## Supplied records:
○ ○ ○
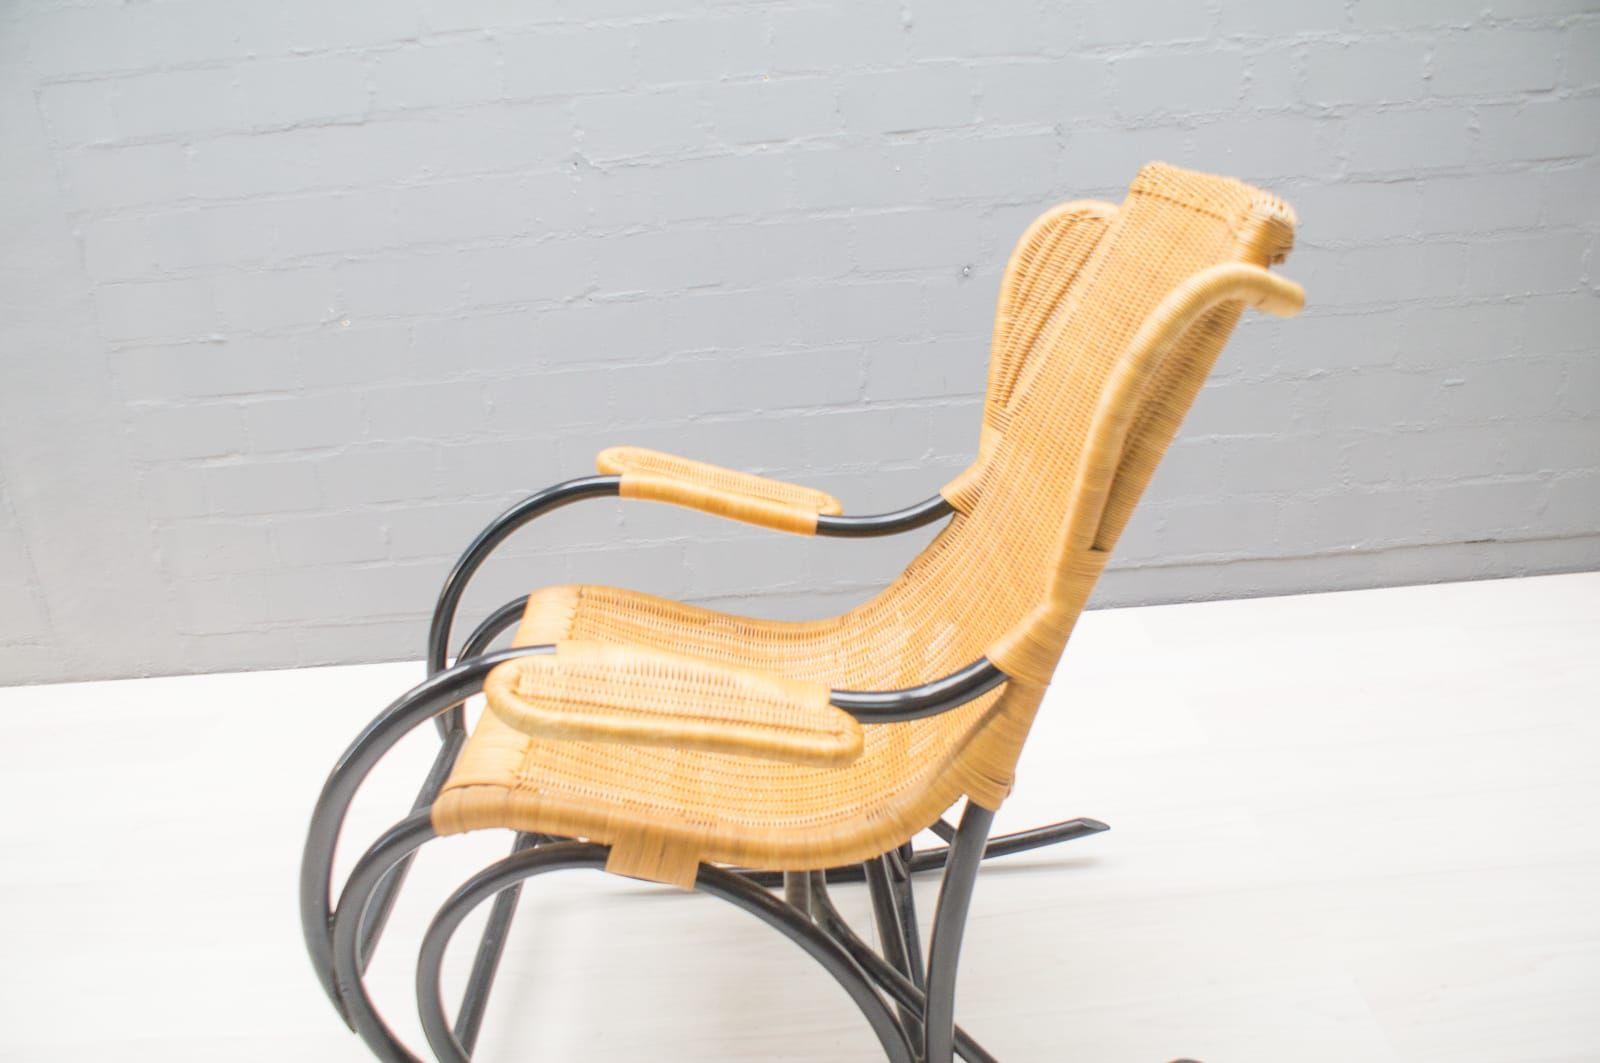 Vintage rattan rocking chair - Vintage Rattan Rocking Chair 1970s
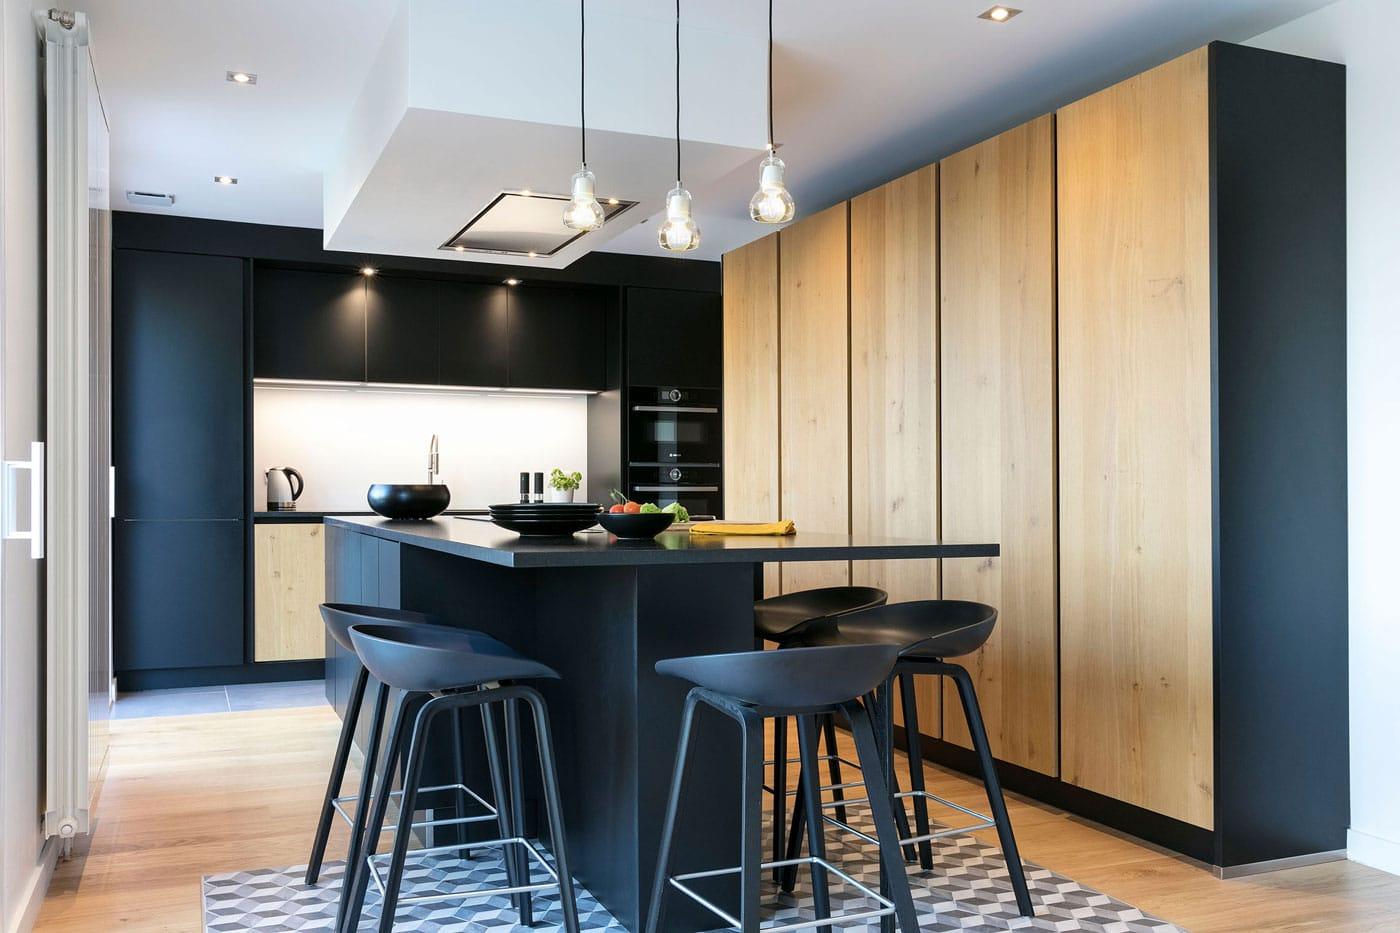 Maison design graphique - Yvelines
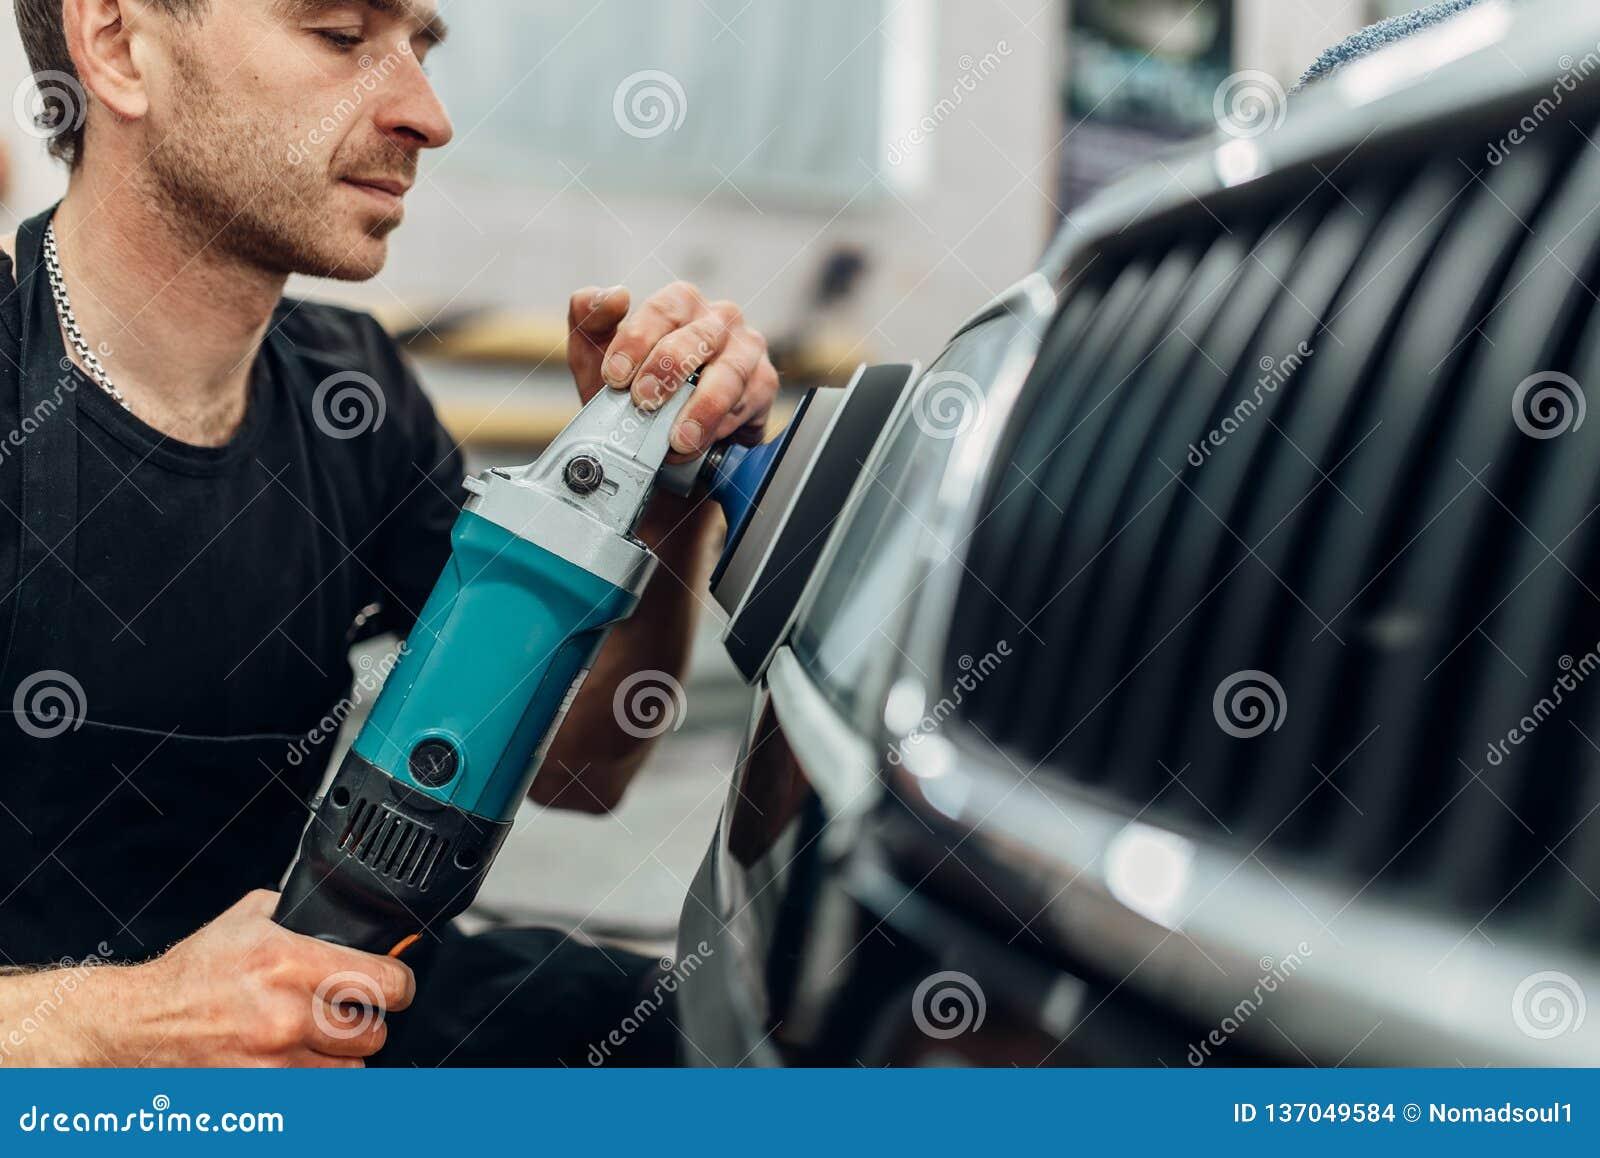 Detailing Of Car Headlight On Car-wash Service Stock Photo ...
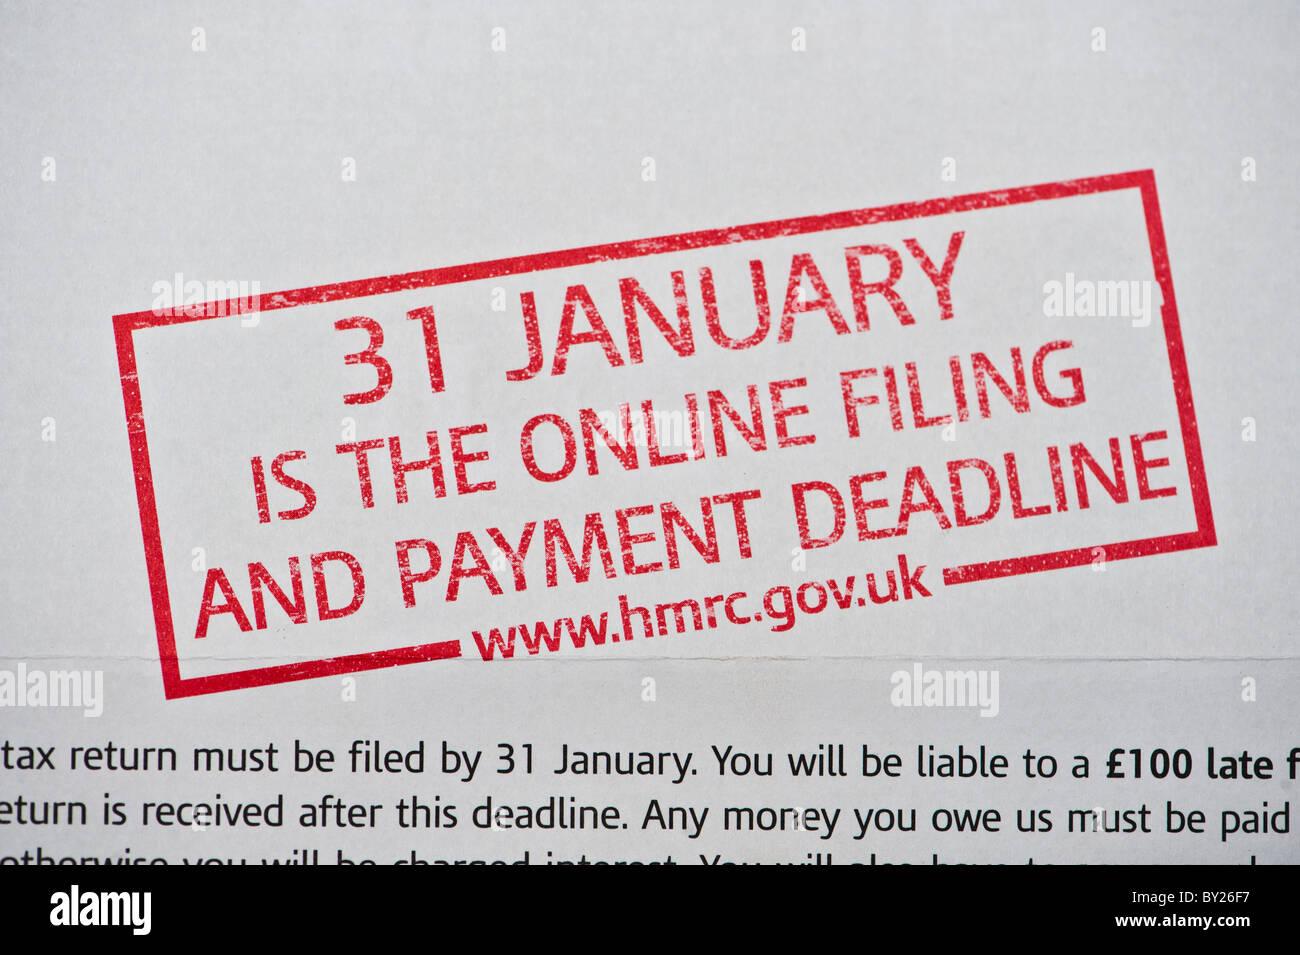 31 January UK tax deadline notice - Stock Image
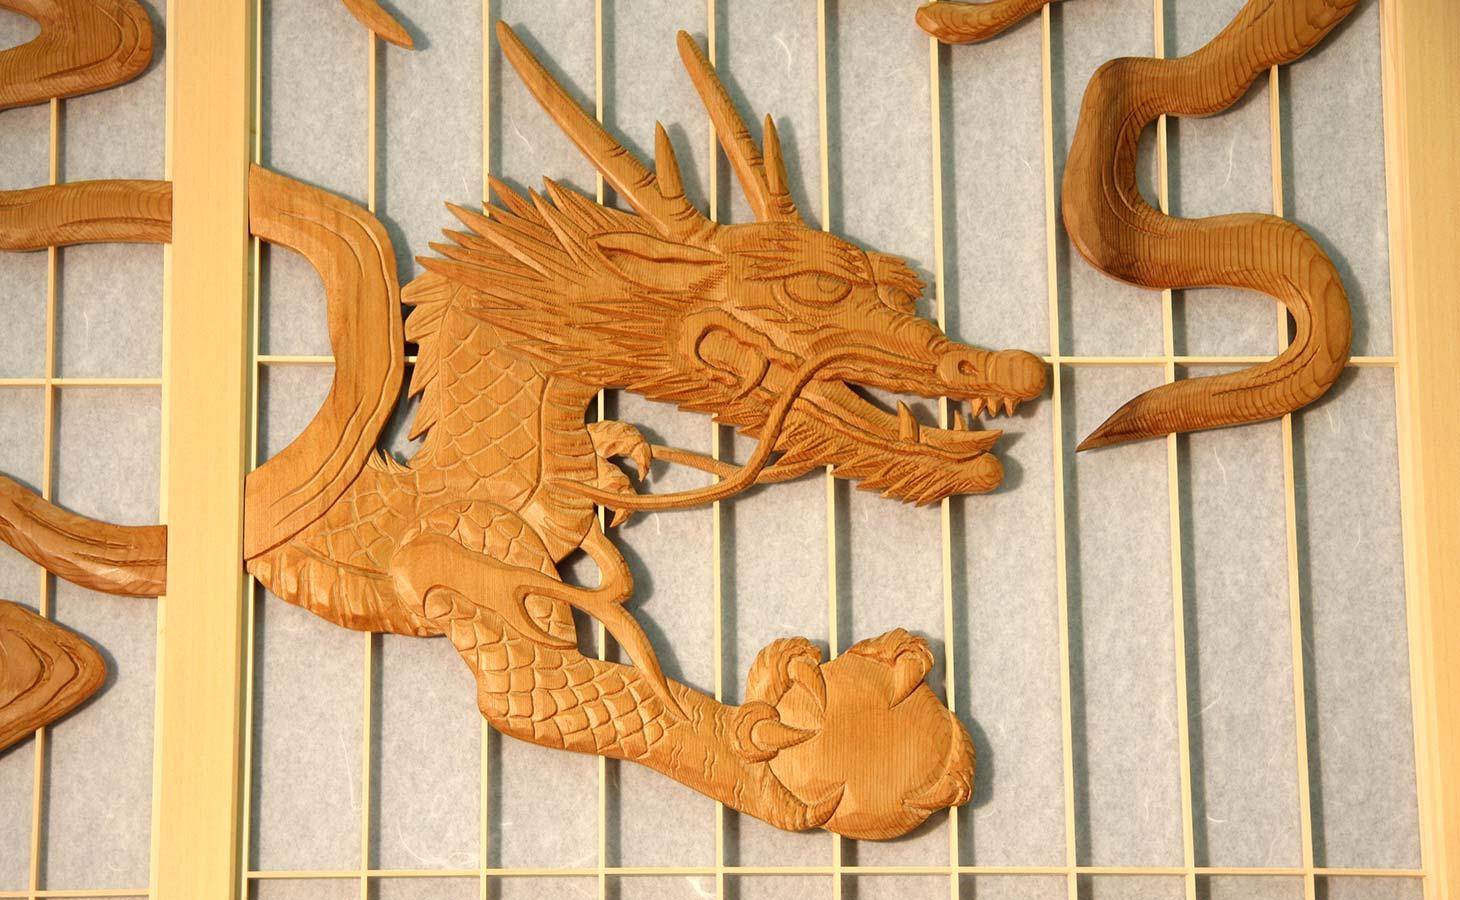 龍虎彫刻入飾り障子-龍-
○ ○ ○
## Task instructions:
If pictures appear among the entries above, omit them; repeat everything else verbatim.

## Result below:
 Vintage rattan rocking chair - Vintage Rattan Rocking Chair 1970s
 Maison design graphique - Yvelines
 Detailing Of Car Headlight On Car-wash Service Stock Photo ...
 31 January UK tax deadline notice - Stock Image
 龍虎彫刻入飾り障子-龍-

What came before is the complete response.